=== Begin Enclosure ===
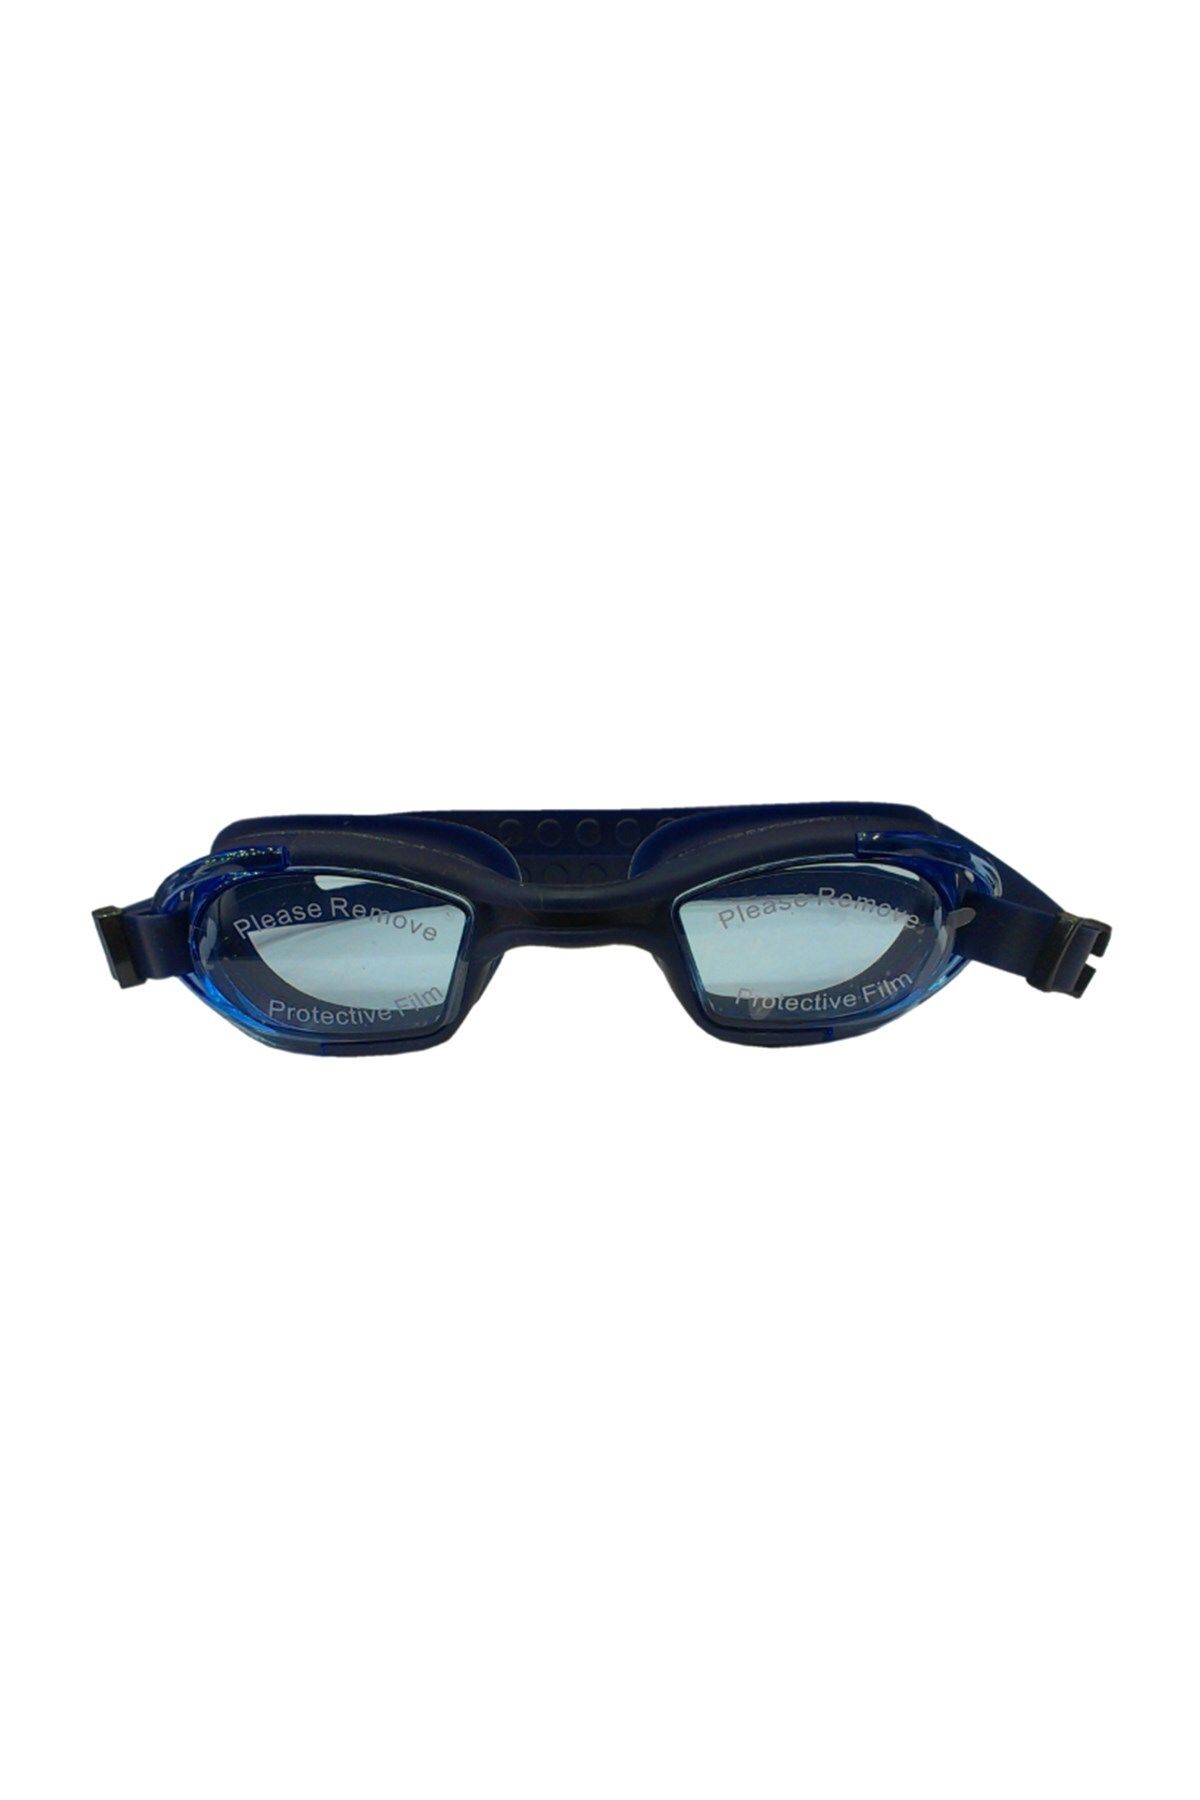 SELEX Sg 2600 Yüzücü Gözlüğü Navy Blue Silikon & Antifog
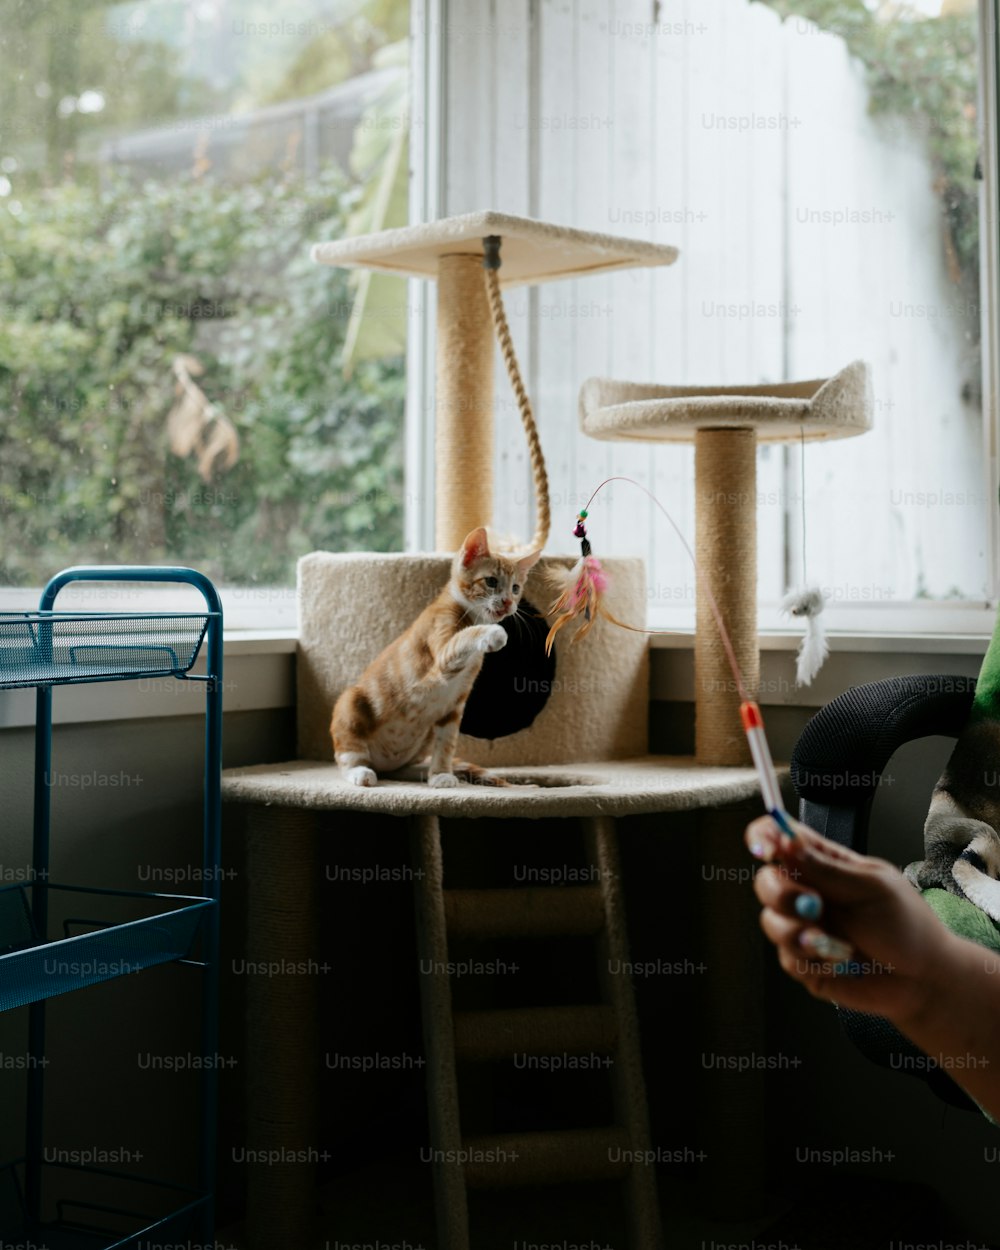 창문 옆 긁는 기둥 위에 앉아 있는 고양이
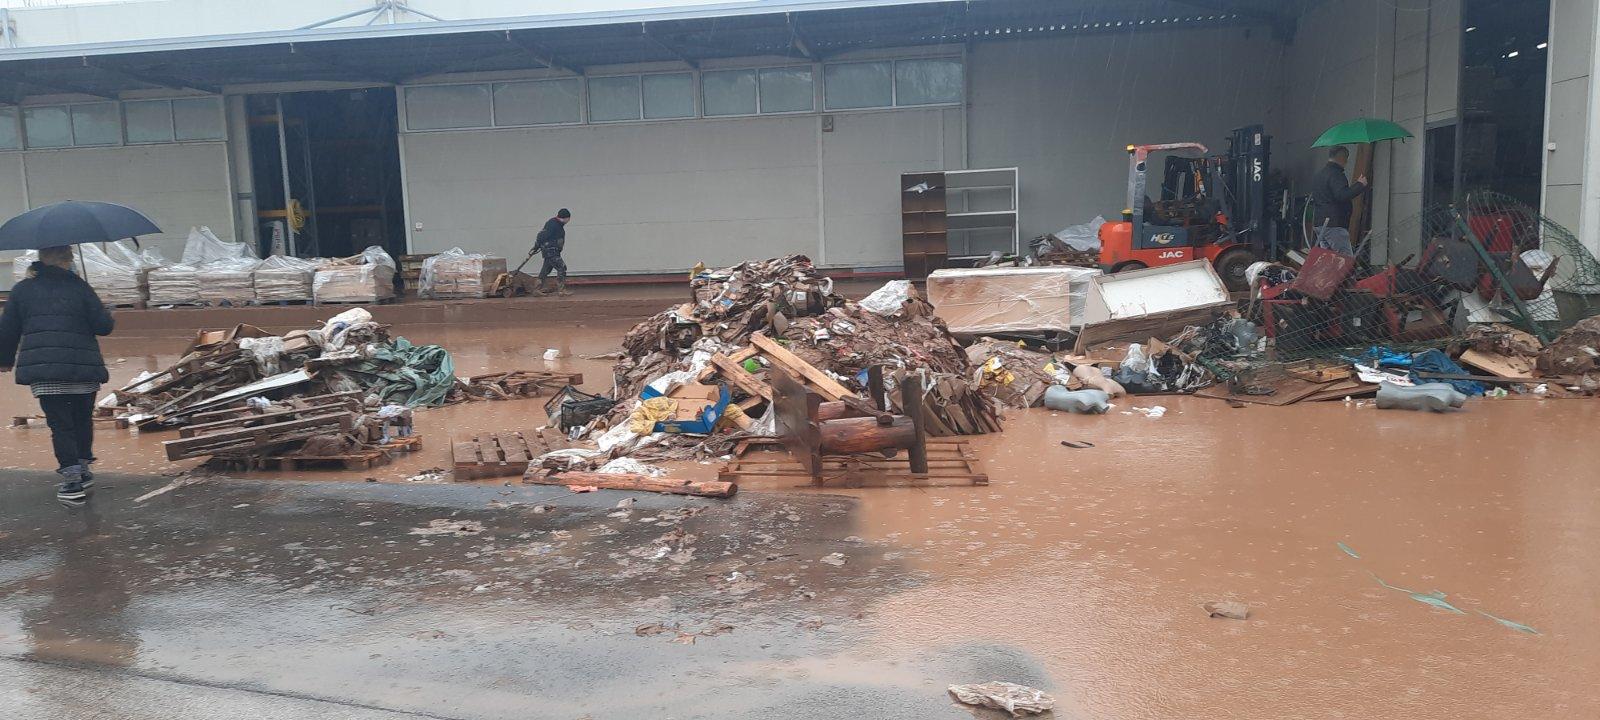 Sanitarni inspektori KUIP-a utvrđuju činjenično stanje u skladištima u Rajlovcu
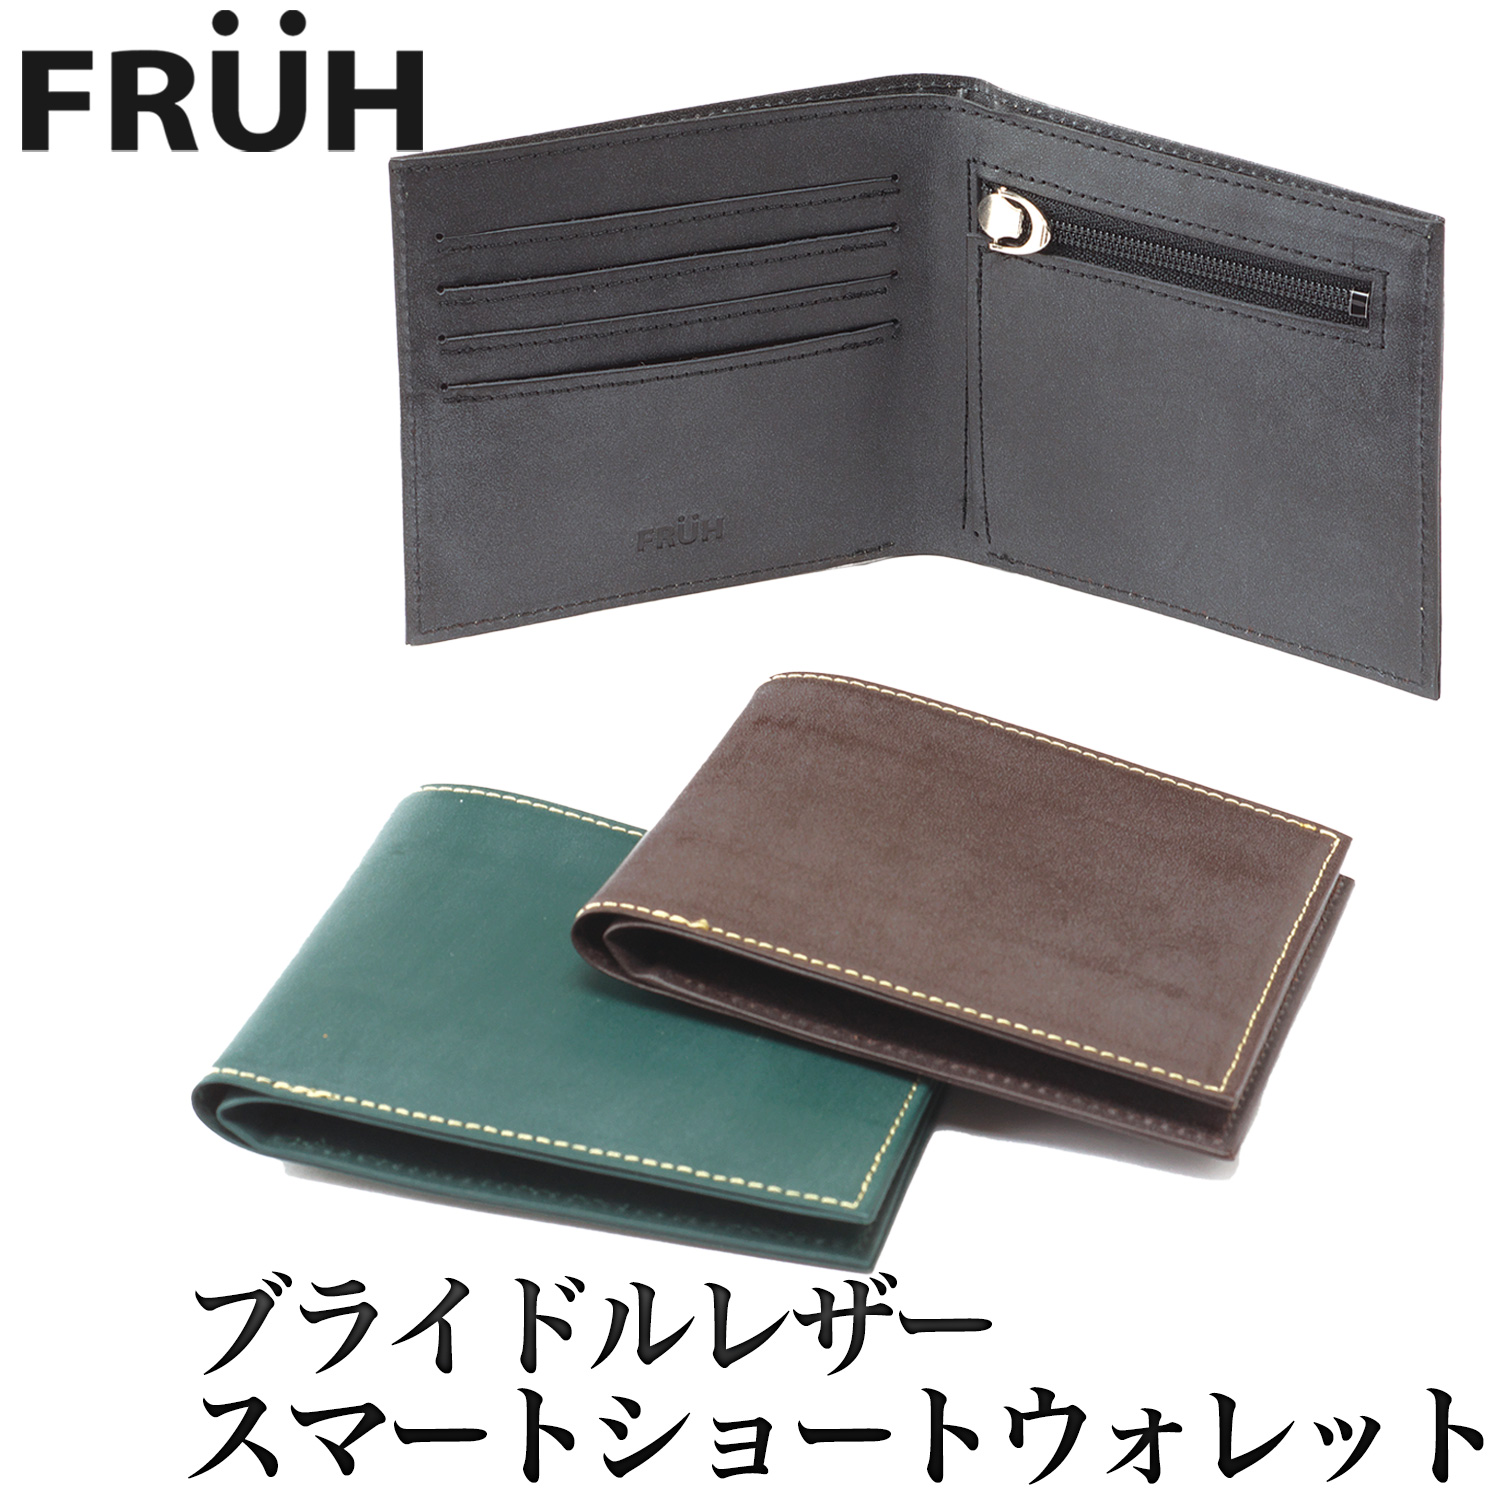 フリュー] スマートショートウォレット 二つ折り財布 コードバン
=== End Enclosure ===
◆ EXERCISE PROMPT
Repeat the material exactly. Skip the images.

◆ SOLUTION FOR THIS EXERCISE
 SELEX Sg 2600 Yüzücü Gözlüğü Navy Blue Silikon & Antifog
 창문 옆 긁는 기둥 위에 앉아 있는 고양이
 Sanitarni inspektori KUIP-a utvrđuju činjenično stanje u skladištima u Rajlovcu
 フリュー] スマートショートウォレット 二つ折り財布 コードバン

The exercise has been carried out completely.